Task directions: A faithful transcription of all the data, images excluded, is the required answer.

Provided material:
^^^^^^^^

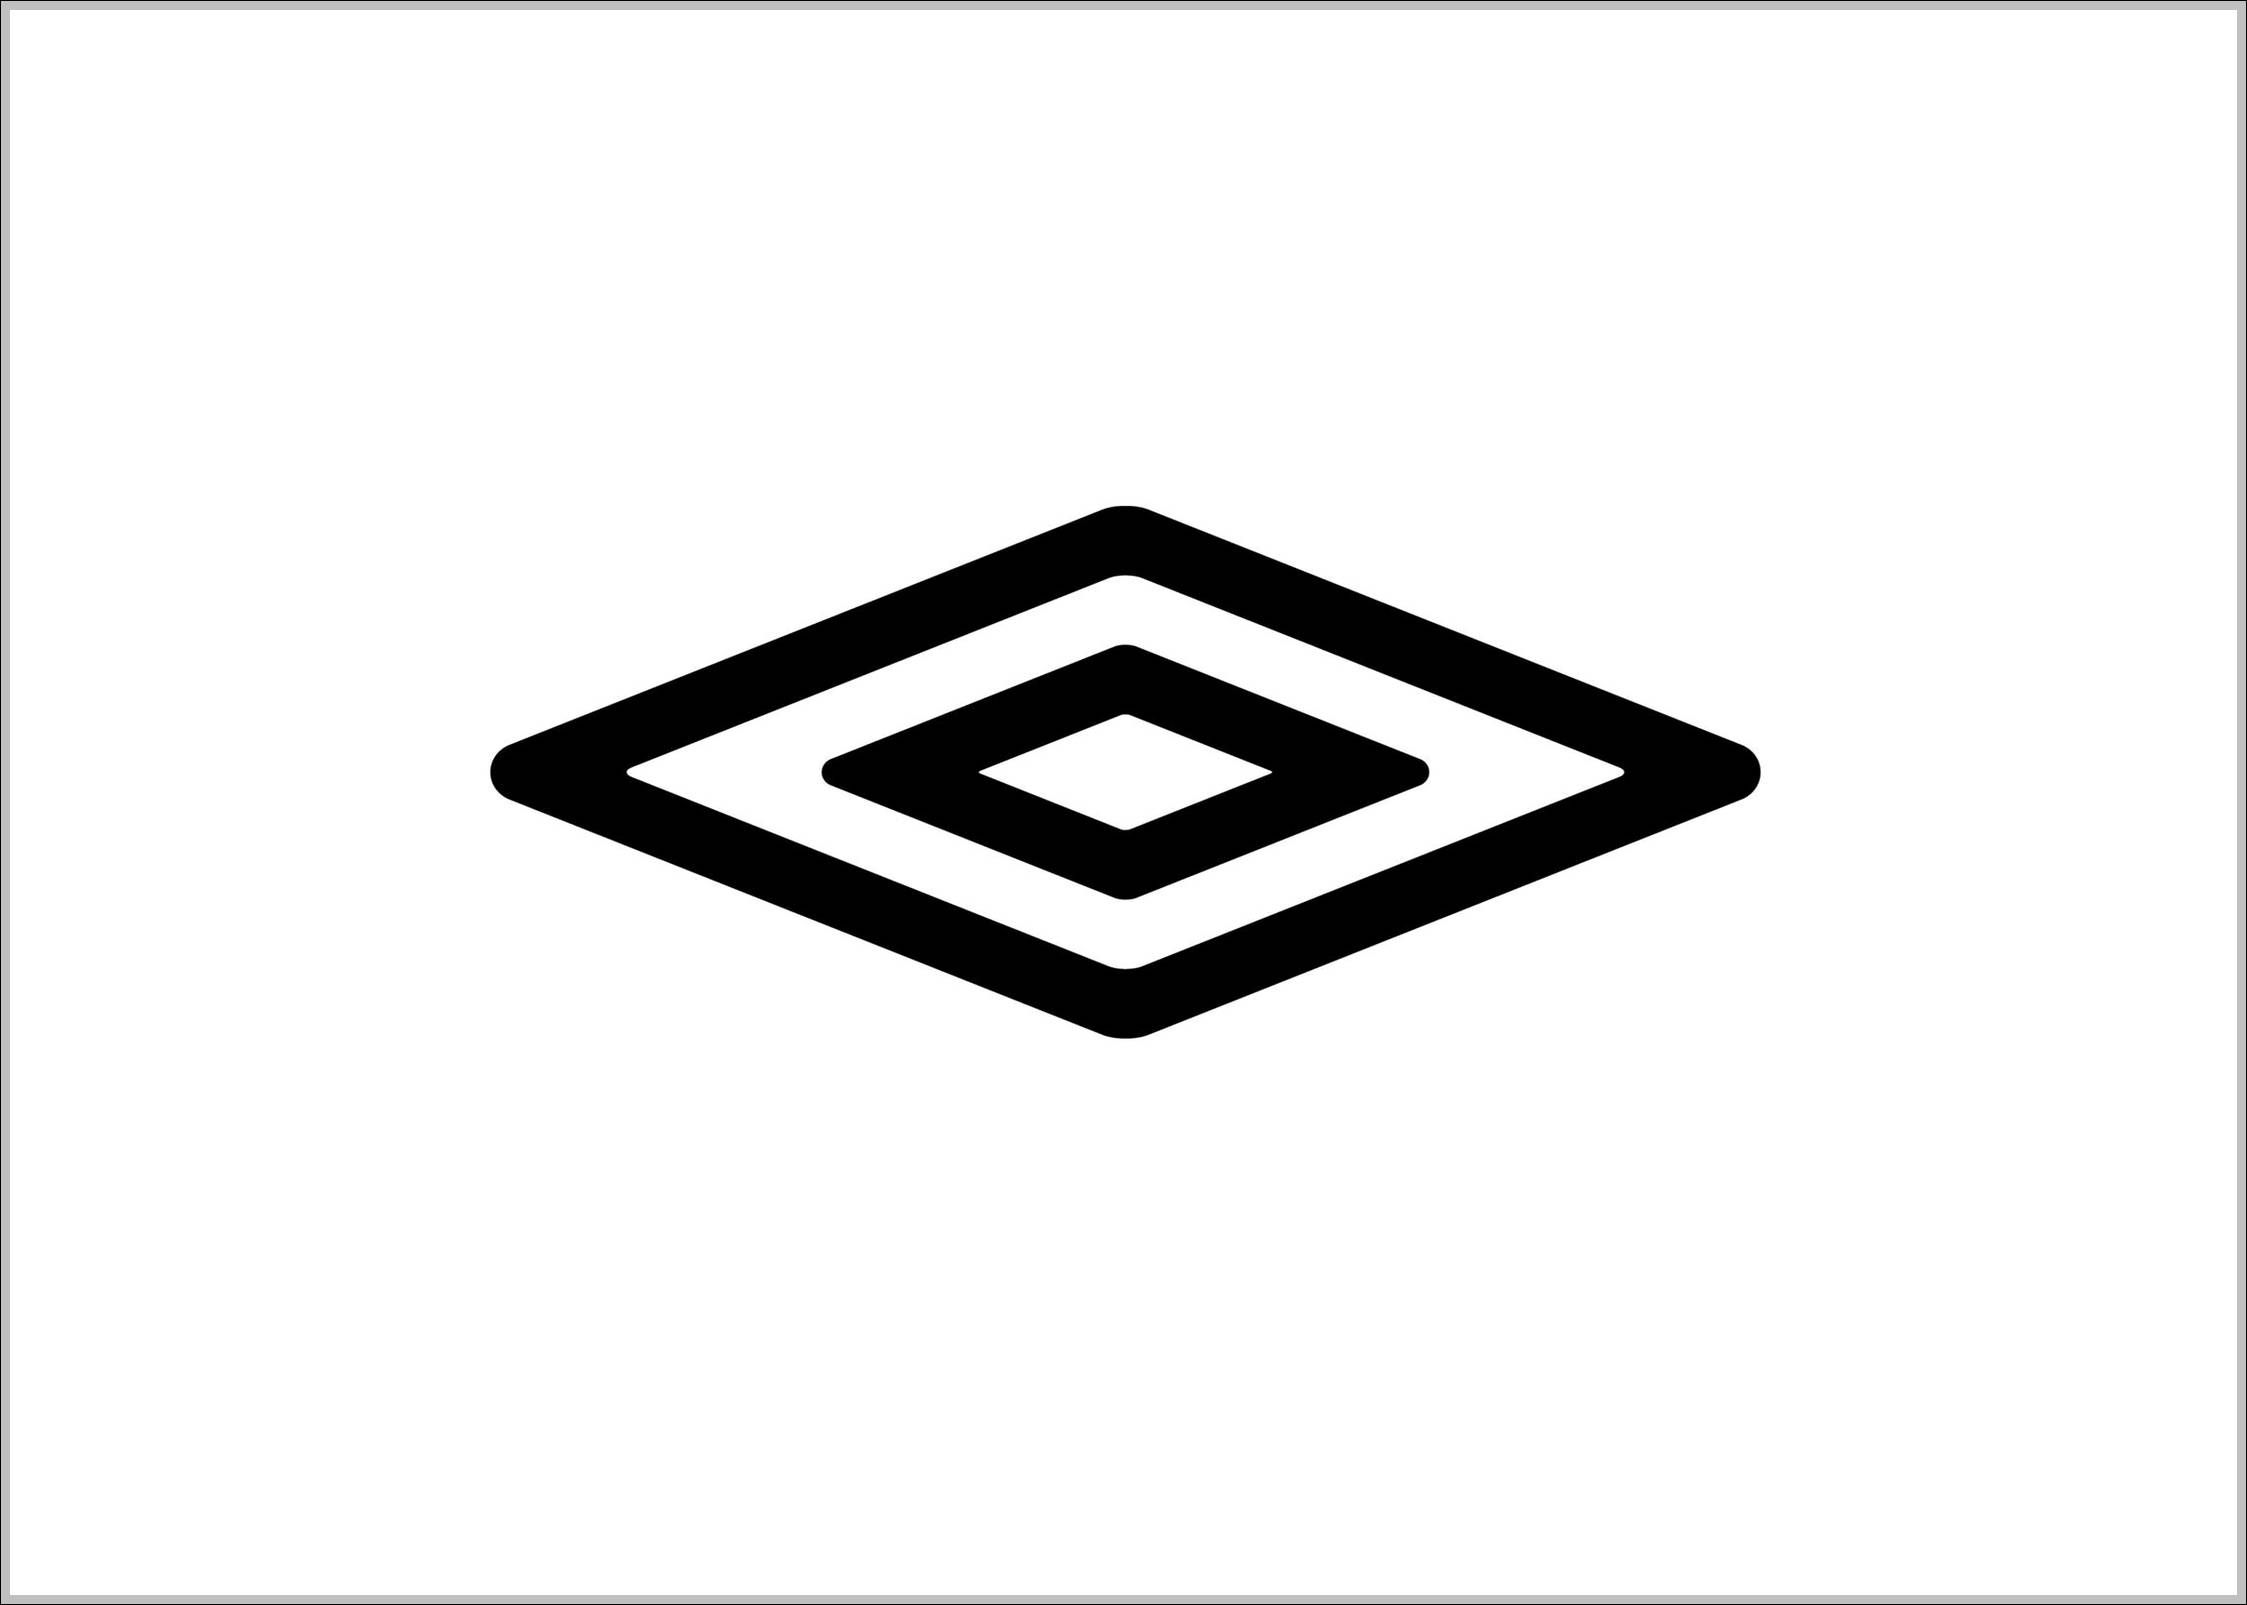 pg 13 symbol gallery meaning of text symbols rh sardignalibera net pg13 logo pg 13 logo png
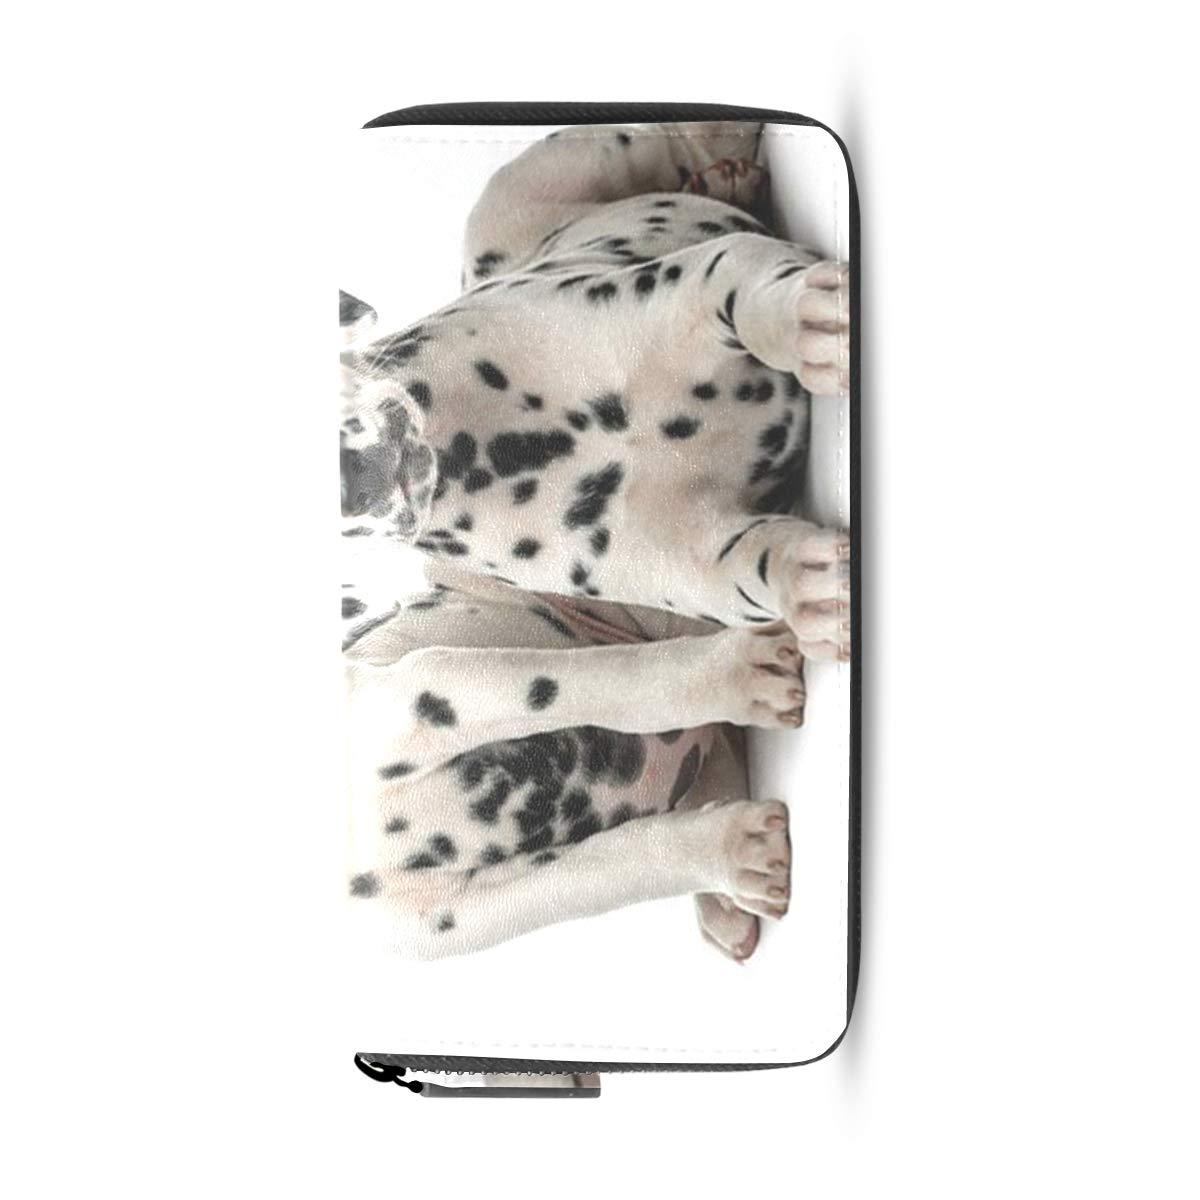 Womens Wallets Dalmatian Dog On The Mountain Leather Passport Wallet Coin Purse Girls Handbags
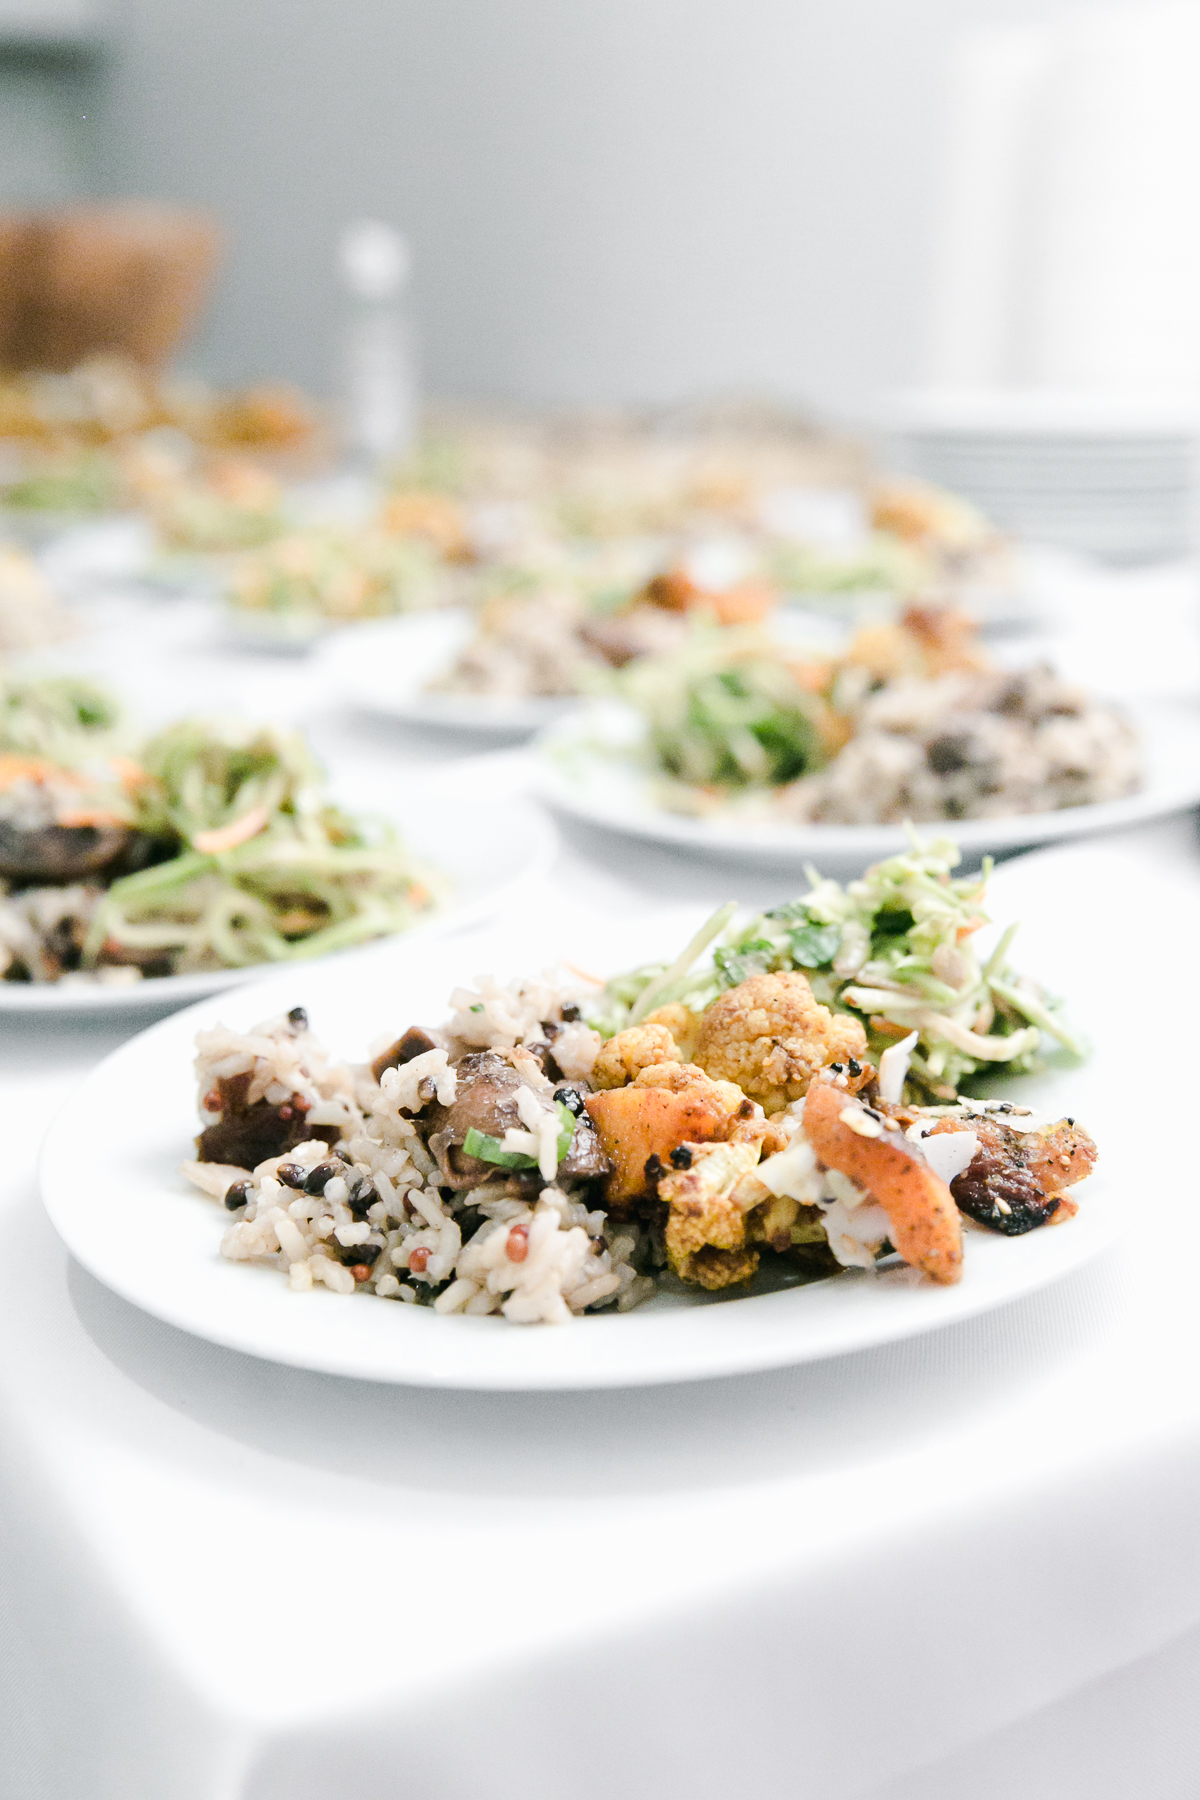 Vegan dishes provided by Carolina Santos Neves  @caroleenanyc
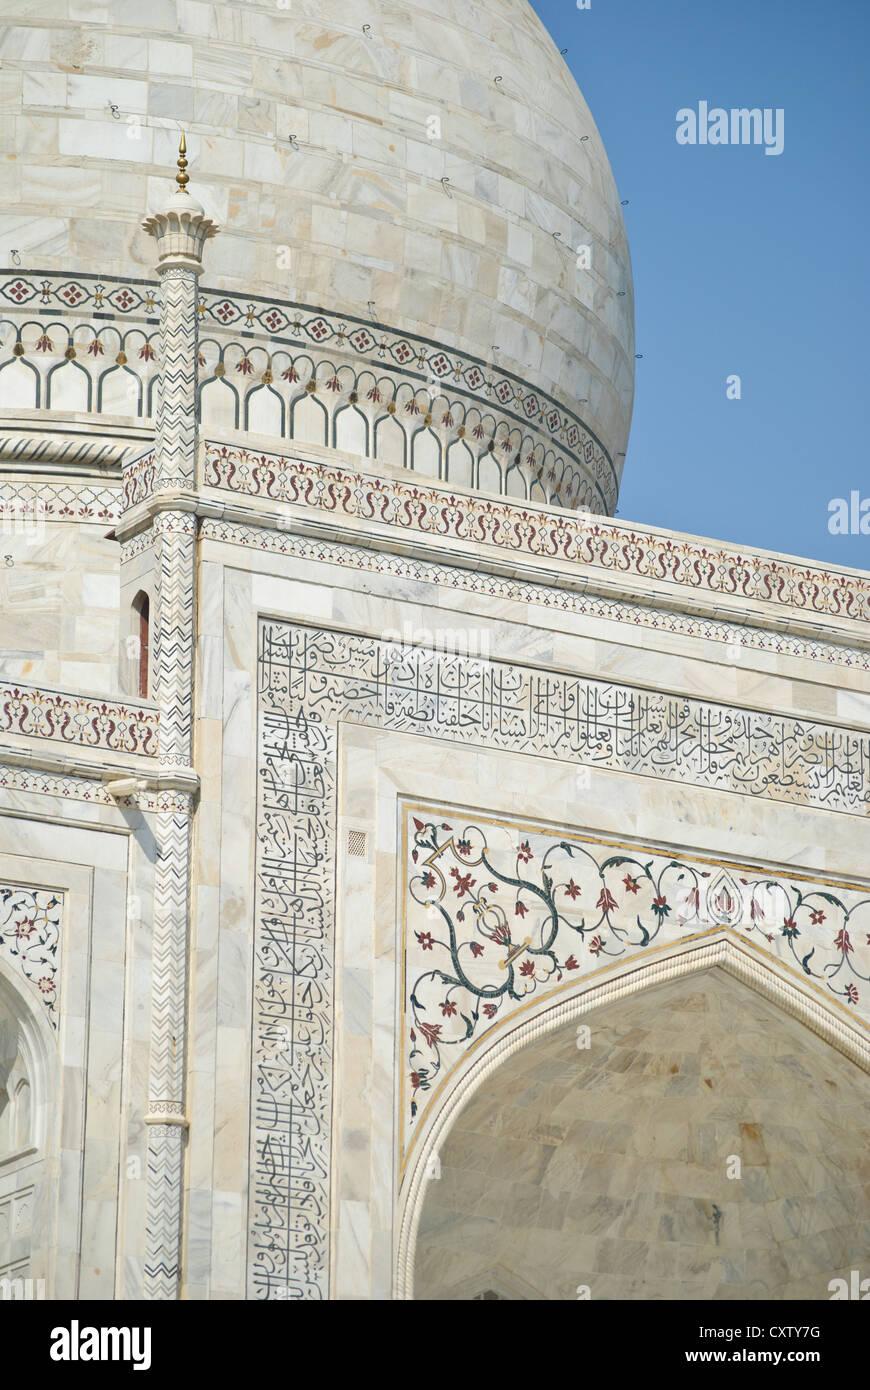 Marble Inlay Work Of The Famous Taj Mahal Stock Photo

^^^^^^^^

Answer to the problem:
 pg 13 symbol gallery meaning of text symbols rh sardignalibera net pg13 logo pg 13 logo png
 Womens Wallets Dalmatian Dog On The Mountain Leather Passport Wallet Coin Purse Girls Handbags
 Vegan dishes provided by Carolina Santos Neves  @caroleenanyc
 Marble Inlay Work Of The Famous Taj Mahal Stock Photo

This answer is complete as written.